An inveterate election-rigger, Obasanjo knows that he does not enjoy the legitimacy which comes from a free and fair electoral process; this explains why he treats the Nigerian people with disrespect and the institution of state he uses to fester his own nest. Obasanjo instituted a dubious privatization programme, and as recent revelations have shown, he has been on an acquisition spree, taking into his private domain throng!’ hi; cronies choice assets that belong to the Nigerian people. A near bankrupt, ex-convict of 1998 has now become arguably one of the richest people in Nigeria. It is precisely the fact that he might be demystified after he vacates power in May 2007 that has driven his desperate effort to subvert the nation’s political, democratic and constitutional process. Obasanjo does not bother about the future of Nigeria’s democracy, because a functional democracy will provide the platform to revisit the unconstitutional process of privatization and several other crimes that he has committed against the Nigerian people. It is this context that allows us to understand the various antidemocratic activities of Obasanjo. A grand coalition of the patriotic sections of the political elite, the mass democratic institutions, the media, civil society organizations and the Nigerian people must be built without delay to DEFEAT Obasanjo and his clique of billionaire bandit capitalists who have bought up our national assets.
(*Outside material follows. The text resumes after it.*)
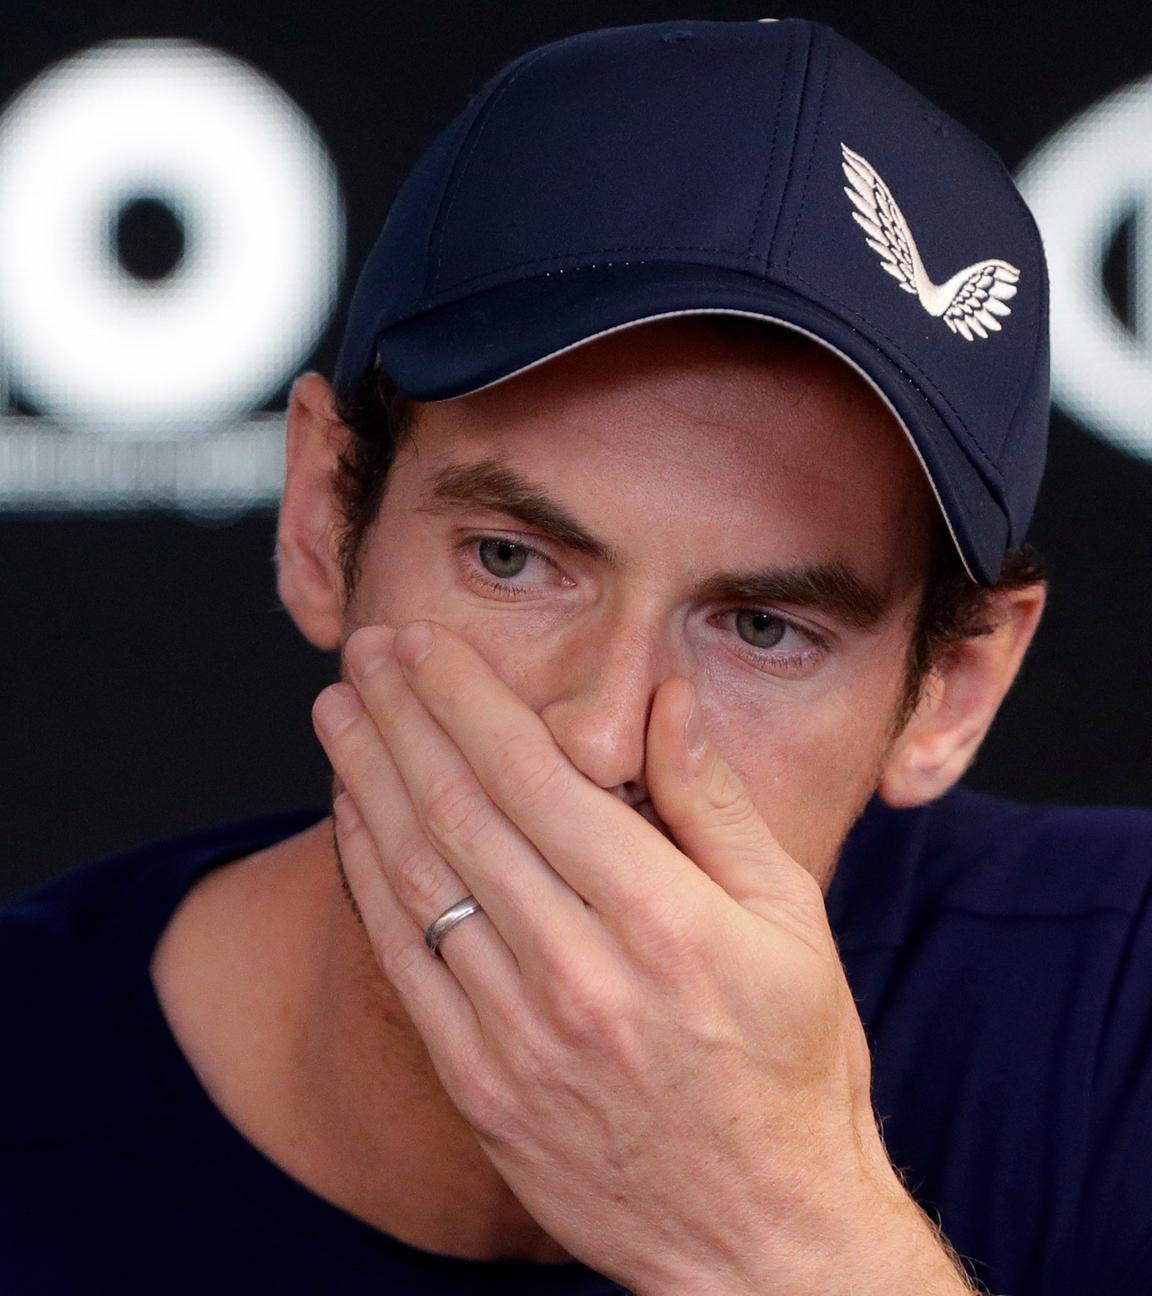 Andy Murray weinend bei Pressekonferenz, Melbourne, 11.01.19

It is this tiny, anti-people clique, which financed the rigging of the 2003 elections; they financed the third term project and are desperate about the future without Obasanjo in the saddle. Many of the bandit billionaires are said to be fronts for the despot holding in trust assets dubiously transferred in the past few years. They are aware that the entire process by which they now own our national institutions is an unconstitutional one, but they have Obasanjo’s ‘covering fire’, at least for now.

 

This is the reason they are now shopping desperately for a candidate they will impose on Nigeria when Obasanjo vacates the Aso Villa, which he had vowed to die inside, at the height of the third term agenda. This is in fact one of the reasons why Umaru Yar’Adua, the snobbish and colourless governor of Katsina State, has reportedly become a strong factor in the calculations of Obasanjo and his clique of bandit billionaires in the past two weeks. If the members of the National Assembly are serious that they see Obasanjo as a grave threat to democracy, they know what to do to rid us of the scourge; at least many of them were there when Speaker Ghali Na’Abba and Senate President Anyim Pius Anyim compiled a list of impeachable offences against Obasanjo; the coward lost weight overnight and was running from pillar to post, begging to be left, he was let off and has continued to damage Nigeria. It has become imperative to Compile a new dossier on a felon who rules our country like a fiefdom, mouths anticorruption platitudes but profits there from, and whose authoritarian control of the political space has prevented the flowering of democratic institutions and norms over the past seven years. If the National Assembly agrees that Obasanjo is a danger to Nigerian democracy, it knows what to do. It is very simple; or is it?